I have a dataset I need to iterate on a condition:
data = [[-10, 10, 'Hawaii', 'Honolulu'], [-22, 63], [32, -14]]
df = pd.DataFrame(data, columns = ['lat', 'long', 'state', 'capital'])
for x in range(len(df))
if df['state'] and df['capital'] = np.nan:
df['state'] = 'Investigate state'
df['capital'] = 'Investigate capital'
My expected output is that if the state field and capital fields are both empty then fill in the empty fields respectively. The actual data I use and the function within the loop is more complex than this example but what I want to focus on is the iterative/looping portion with the condition.
My Googling found iterrows and I read tutorials that just say to go ahead and use a for loop. Stackoverflow answers denounced the two options above and advocated to use vectorization instead. My actual dataset will have around ~20,000 rows. What is the most efficient implementation and how do I implement it?
You can test each column separately and chain masks by &
for bitwise AND
:
m = df['state'].isna() & df['capital'].isna()
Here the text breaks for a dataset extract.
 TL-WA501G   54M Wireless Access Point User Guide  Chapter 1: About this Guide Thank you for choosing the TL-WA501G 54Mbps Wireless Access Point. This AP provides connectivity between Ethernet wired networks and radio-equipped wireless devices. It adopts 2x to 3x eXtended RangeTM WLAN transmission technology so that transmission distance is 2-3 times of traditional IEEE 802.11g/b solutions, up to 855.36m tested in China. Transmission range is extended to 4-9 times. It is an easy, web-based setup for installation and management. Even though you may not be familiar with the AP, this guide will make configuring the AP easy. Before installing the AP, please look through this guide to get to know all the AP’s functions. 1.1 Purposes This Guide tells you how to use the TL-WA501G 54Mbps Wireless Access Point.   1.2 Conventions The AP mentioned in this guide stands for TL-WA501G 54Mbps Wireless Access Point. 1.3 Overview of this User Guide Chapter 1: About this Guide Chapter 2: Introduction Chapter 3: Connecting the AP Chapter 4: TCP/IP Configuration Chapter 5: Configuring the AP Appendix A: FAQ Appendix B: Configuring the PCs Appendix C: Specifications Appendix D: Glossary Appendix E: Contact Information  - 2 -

df.loc[m, ['capital', 'state']] = ['Investigate capital','Investigate state']
Fastest is in sample data for 30k rows and 66% matching if also set columns separately:
m = df['state'].isna() & df['capital'].isna()
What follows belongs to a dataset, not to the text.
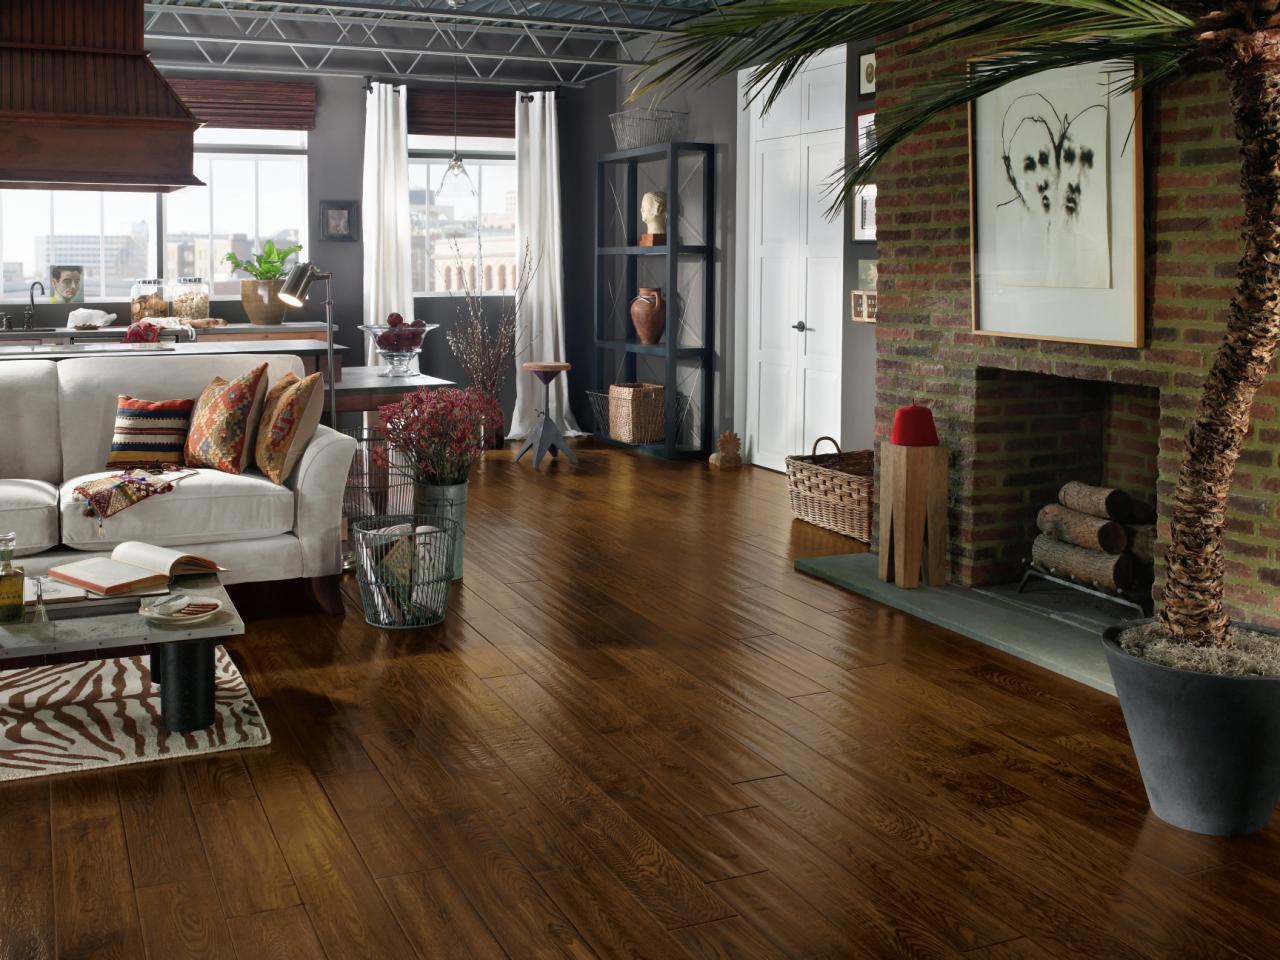 Living Room Decorating Ideas With Wood Floors

df['state']= np.where(m, 'Investigate state', df['state'])
df['capital']= np.where(m, 'Investigate capital', df['capital'])
Similar:
m = df['state'].isna() & df['capital'].isna()
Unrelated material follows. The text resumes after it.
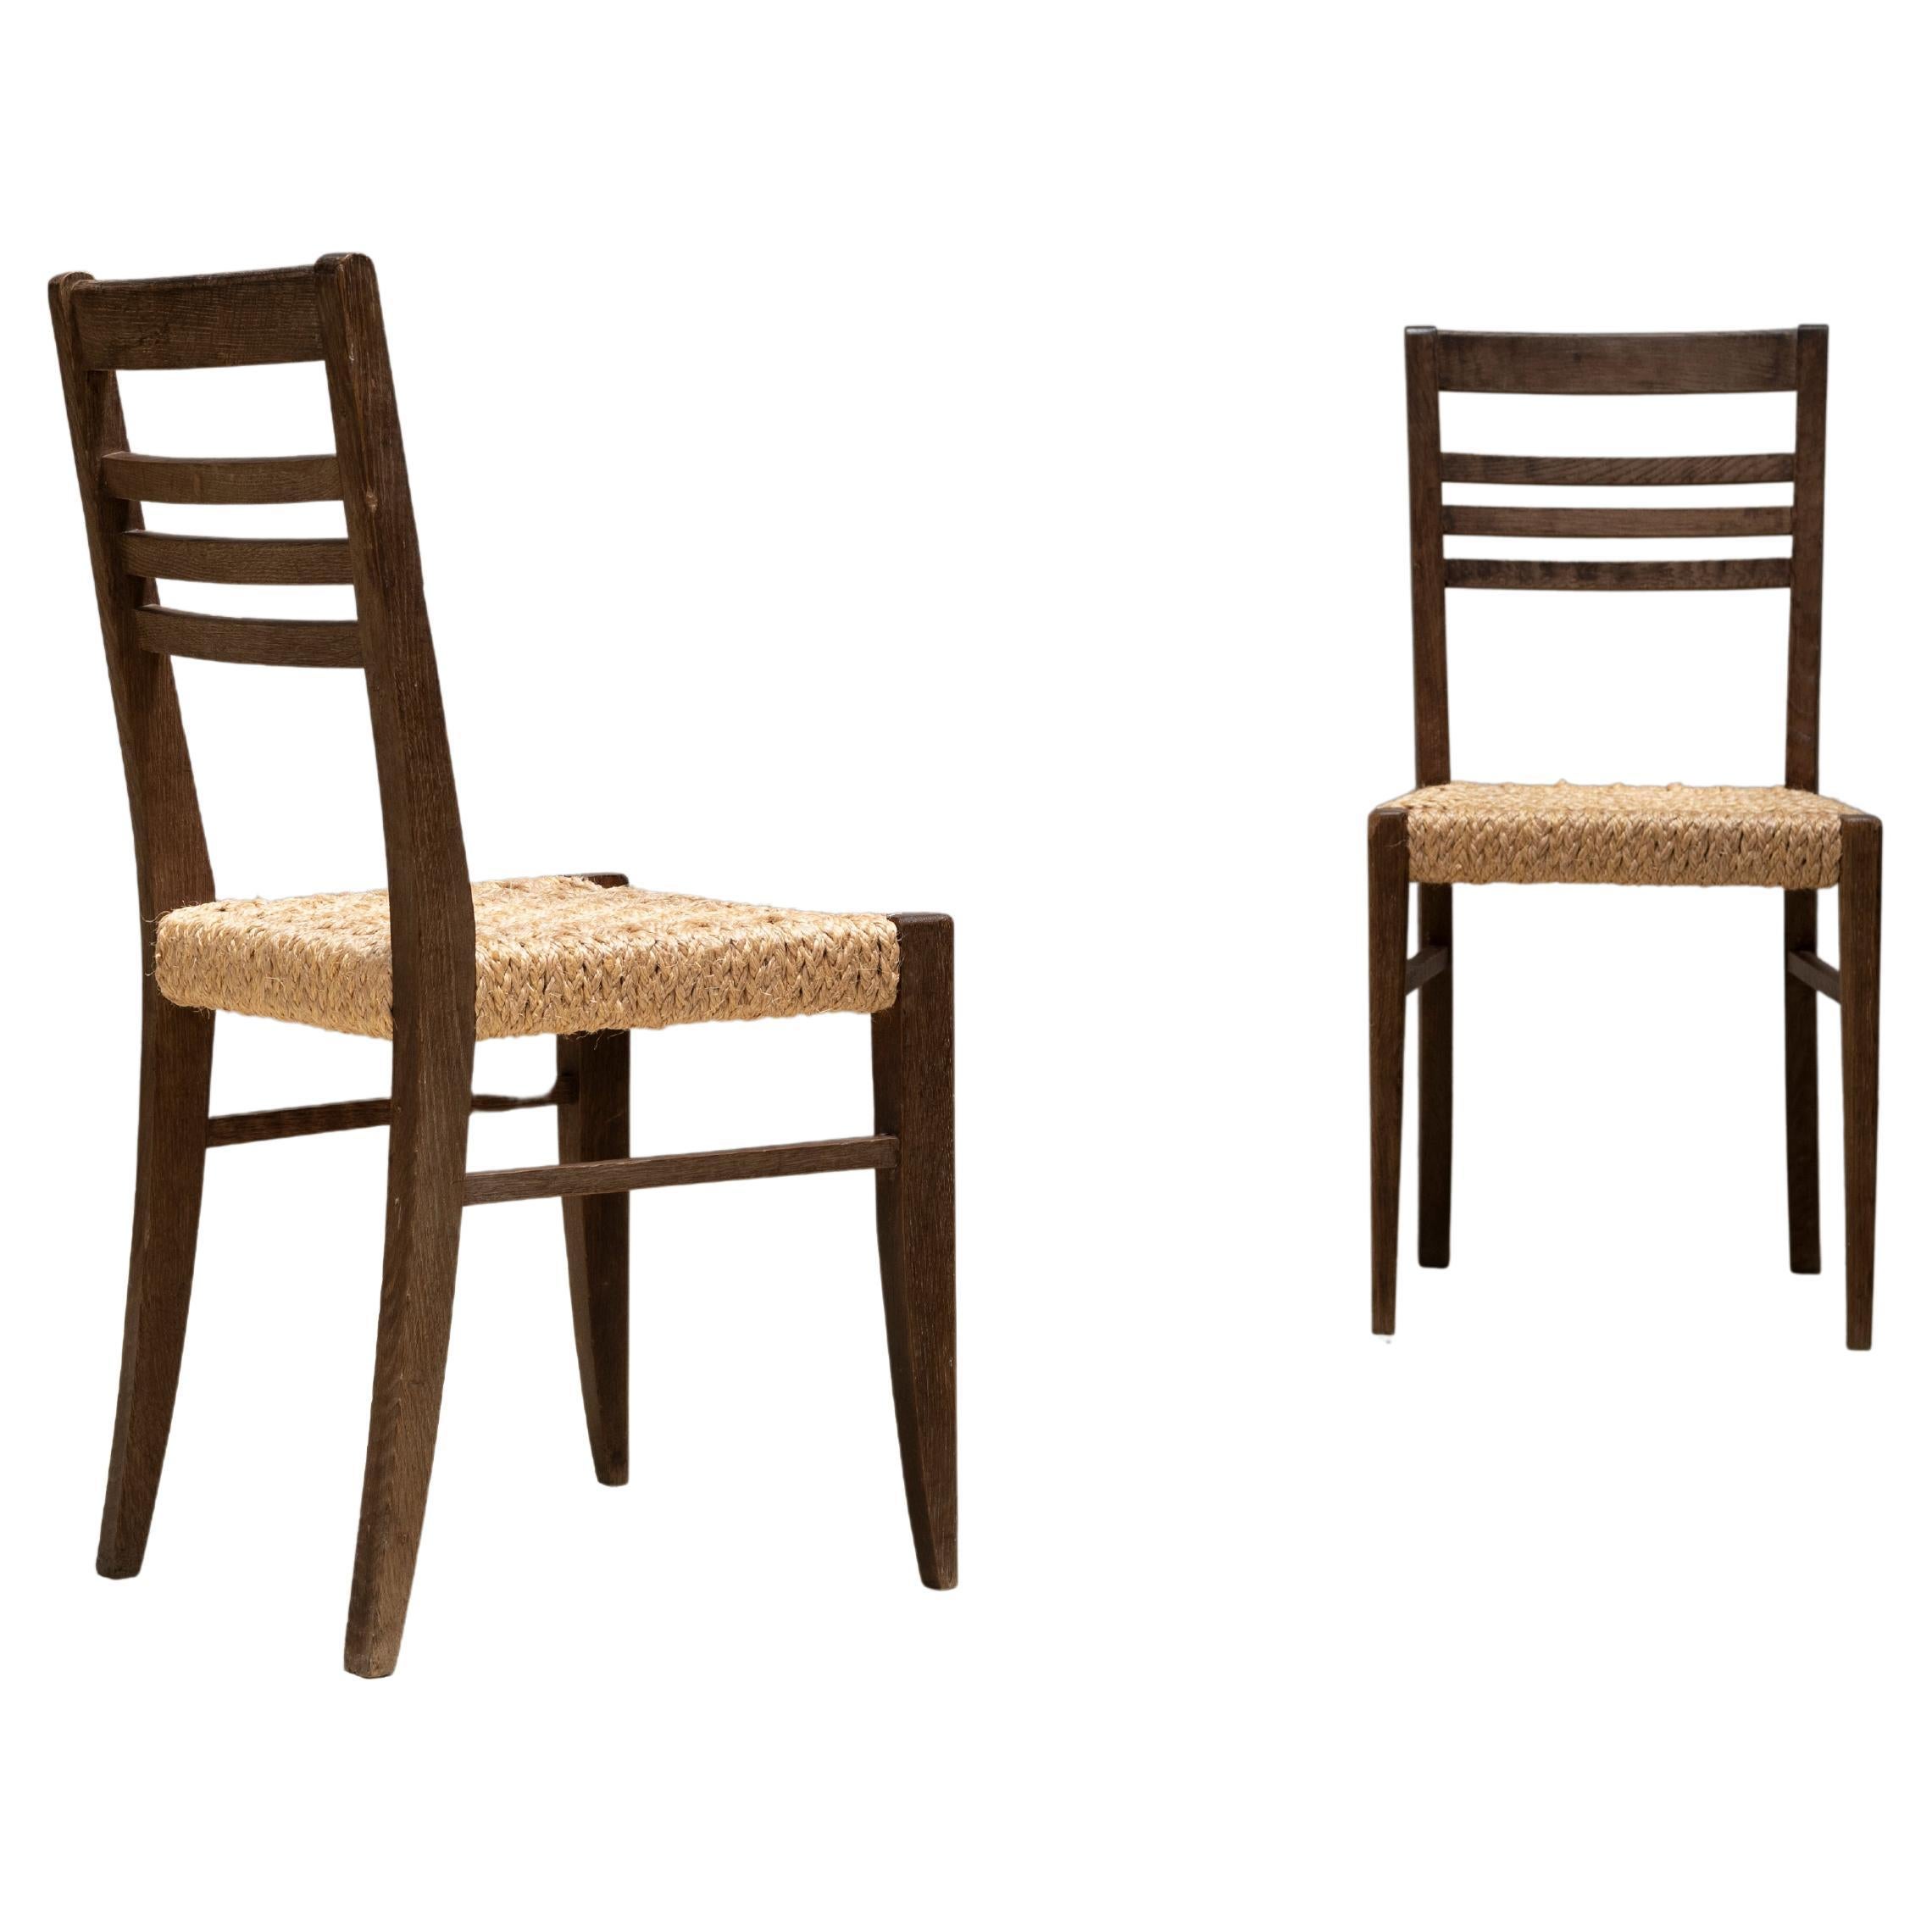 Pair of Oak & Rope Dining Chairs, Audoux & Minet, 1950s

df.loc[m, 'state']='Investigate state'
df.loc[m, 'capital']='Investigate capital'
#30k rows
df = pd.concat([df] * 10000, ignore_index=True)
%%timeit
...: m = df['state'].isna() & df['capital'].isna()
...: df['state']= np.where(m, 'Investigate state', df['state'])
...: df['capital']= np.where(m, 'Investigate capital', df['capital'])
...:
3.45 ms ± 39.4 µs per loop (mean ± std. dev. of 7 runs, 100 loops each)
%%timeit
m = df['state'].isna() & df['capital'].isna()
df.loc[m,'state']='Investigate state'
df.loc[m,'capital']='Investigate capital'
3.58 ms ± 11 µs per loop (mean ± std. dev. of 7 runs, 100 loops each)
%%timeit
m = df['state'].isna() & df['capital'].isna()
df.loc[m,['capital', 'state']] = ['Investigate capital','Investigate state']
4.5 ms ± 355 µs per loop (mean ± std. dev. of 7 runs, 100 loops each)
Another solutions:
%%timeit
m=df[['state','capital']].isna().all(1)
df.loc[m]=df.loc[m].fillna({'state':'Investigate state','capital':'Investigate capital'})
6.68 ms ± 235 µs per loop (mean ± std. dev. of 7 runs, 100 loops each)
%%timeit
m=df[['state','capital']].isna().all(1)
df.loc[m,'state']='Investigate state'
df.loc[m,'capital']='Investigate capital'
4.72 ms ± 284 µs per loop (mean ± std. dev. of 7 runs, 100 loops each)